Our media and social media are currently full of images of empty supermarket shelves, and, judging by the reactions to these, this is something most of us are plainly not used to seeing. These images can be seen as a growing body of evidence of the lack of resilience in our current food system – one that apparently can’t cope with the disruption of a few days worth of snow and wind about which we were given plenty of warning.

They also speak volumes about our role in the food system, as well-trained, uncritical consumers whose job it is to shut up and shop, rather than think about the hows and whys of what we eat – to grudgingly make do without milk in our coffee for a painful day or two, and dig out dusty tins from the back of our neglected store cupboards, all the time knowing that somehow the shelves will be magically restocked for us before too long or too late.

The corporate capture of our food supply over the last few generations has trained modern-day Scots to be overwhelmingly dependent on an increasingly small number of mega-companies for what we eat, and when they can’t cope, we go without. The fragility of the supermarket just-in-time model was starkly exposed just days ago when one of the world’s biggest and most sophisticated food distribution facilities of its type in Livingston, which, when it’s working, moves £40 million worth of groceries through 300 deliveries every single day, and supplies hundreds of stores from Northumberland to the Shetland Isles, couldn’t get supplies to a store in Bathgate just two and a half miles away.

Images of empty shelves beside in-store ‘bakeries’ tell us a lot about what happens when pre-made and portioned industri-dough doesn’t arrive from the centralised production plant, yet just yards away there are shelves containing the ingredients required to make bread. When in-store ‘bakers’ can’t ‘bake’ and so many of us either don’t know how to, or can’t be bothered to learn, the simple process of mixing flour with water, salt and yeast and putting it in the oven, we see evidence of how our reliance on the convenience of supermarkets has infantilised us and undermined our personal responsibility for the fundamental act of feeding ourselves.
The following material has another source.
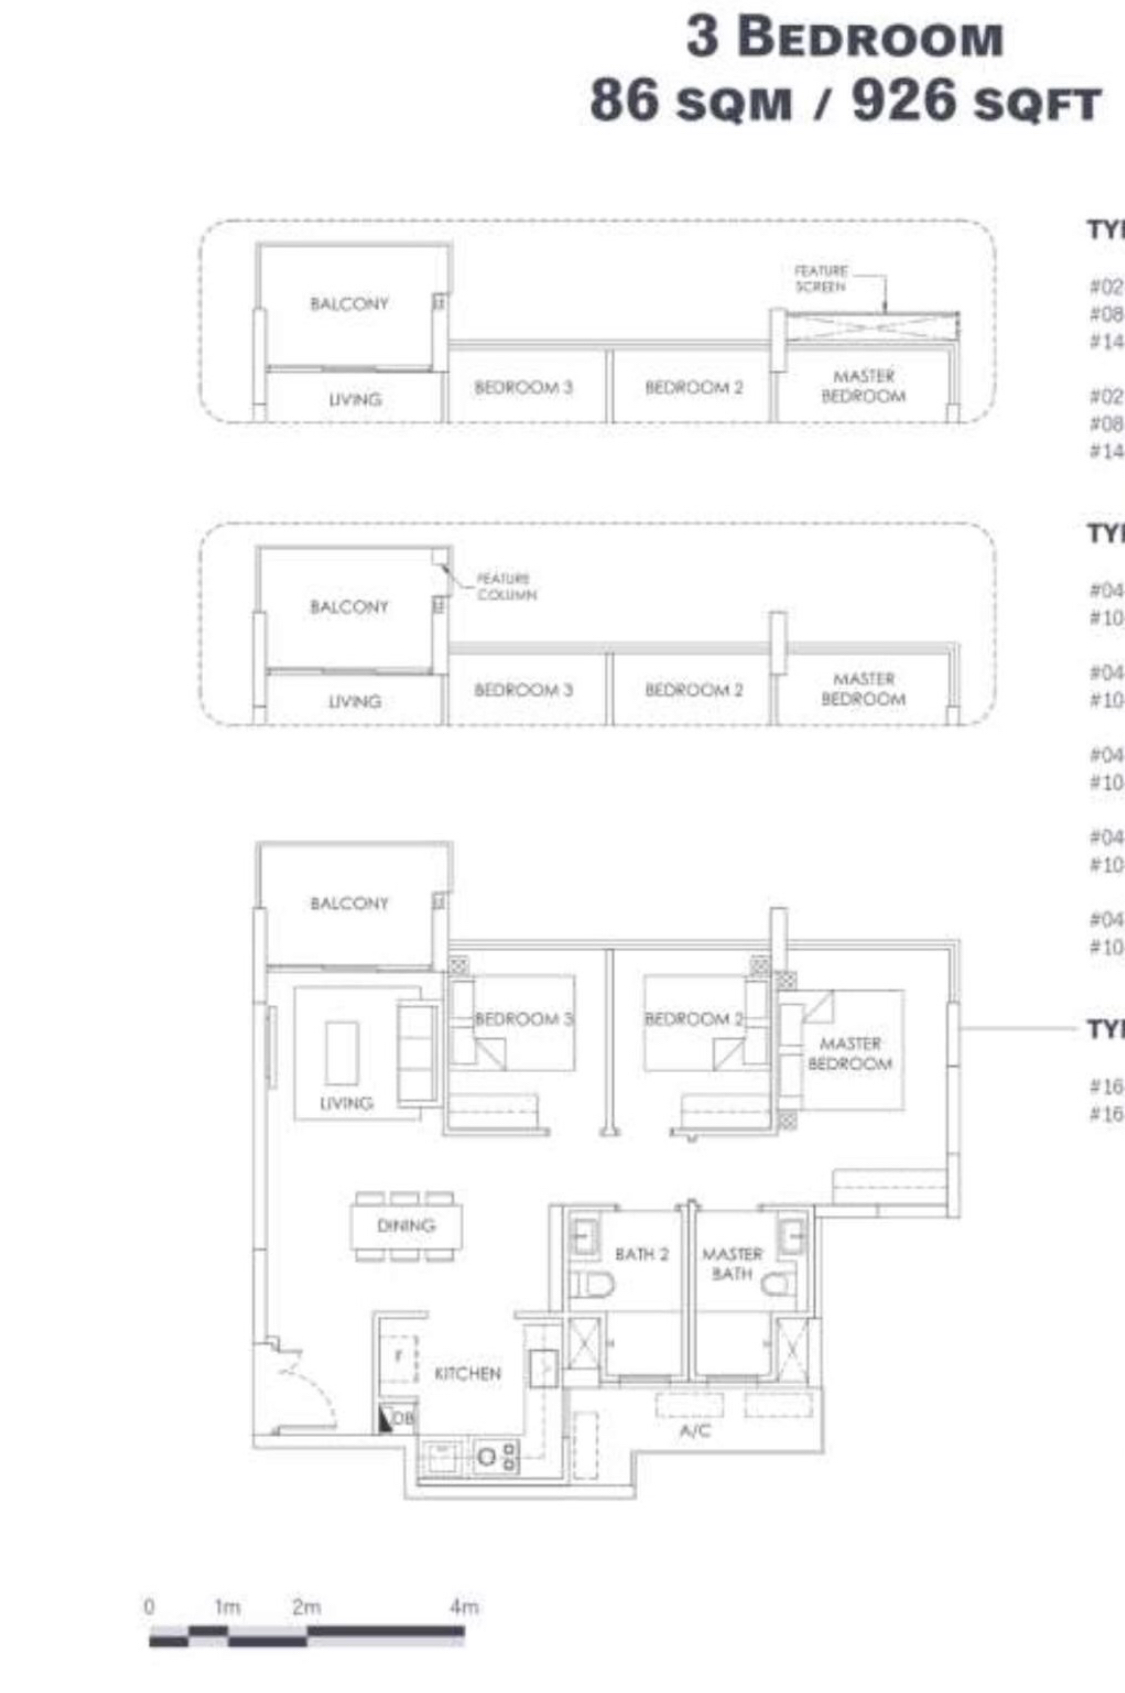 ola ec 3 bedroom floor plan
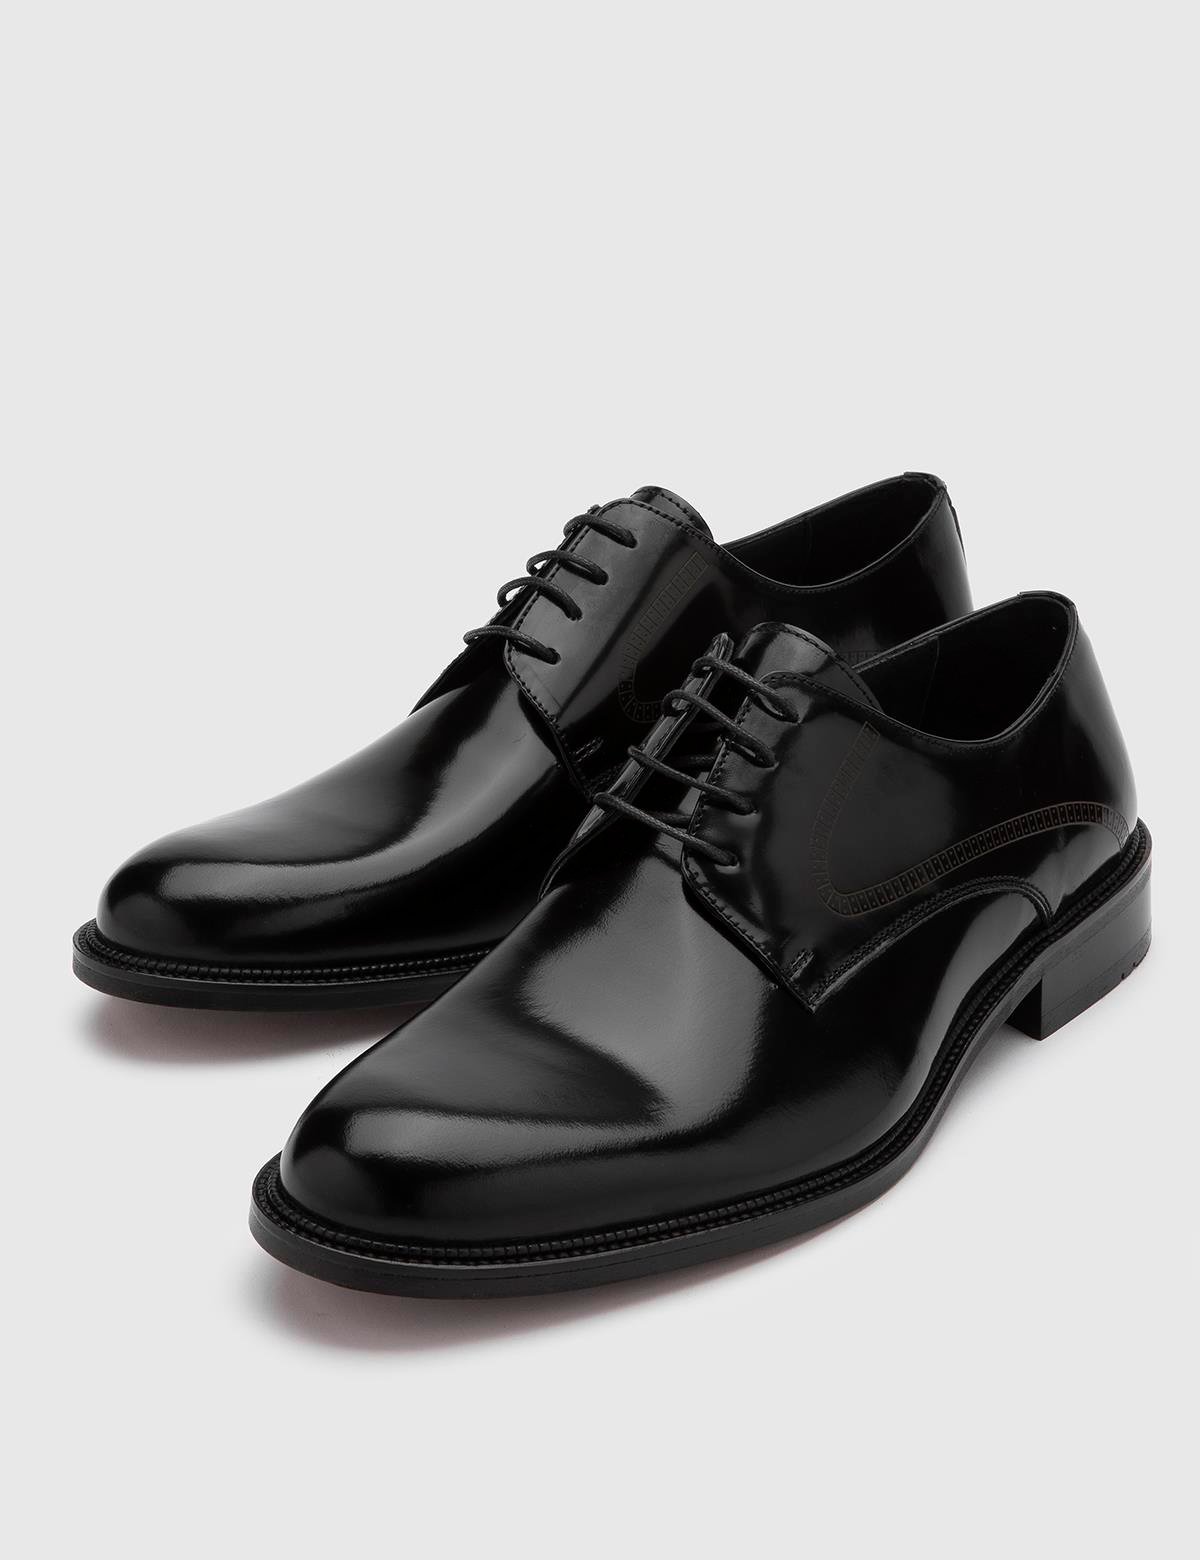 Ove Hakiki Açma Deri Erkek Siyah Klasik Ayakkabı - iLVi

Over a hundred years ago, Alfred Henry Lewis claimed that civilisation is only ever nine meals away from anarchy. Coincidentally, it’s estimated that the just-in-time system operated by supermarkets means that they only ever hold nine meals worth of food at any one time. The fact that they do occasionally run out of food should act as a warning that we need to move towards, and financially support, more varied, localised, hands-on and resilient ways of feeding ourselves.

Stan Blackley is the Programme Leader on the MSc Gastronomy course at Edinburgh’s Queen Margaret University, on which he lectures about the food system. www.qmugastronomy.com.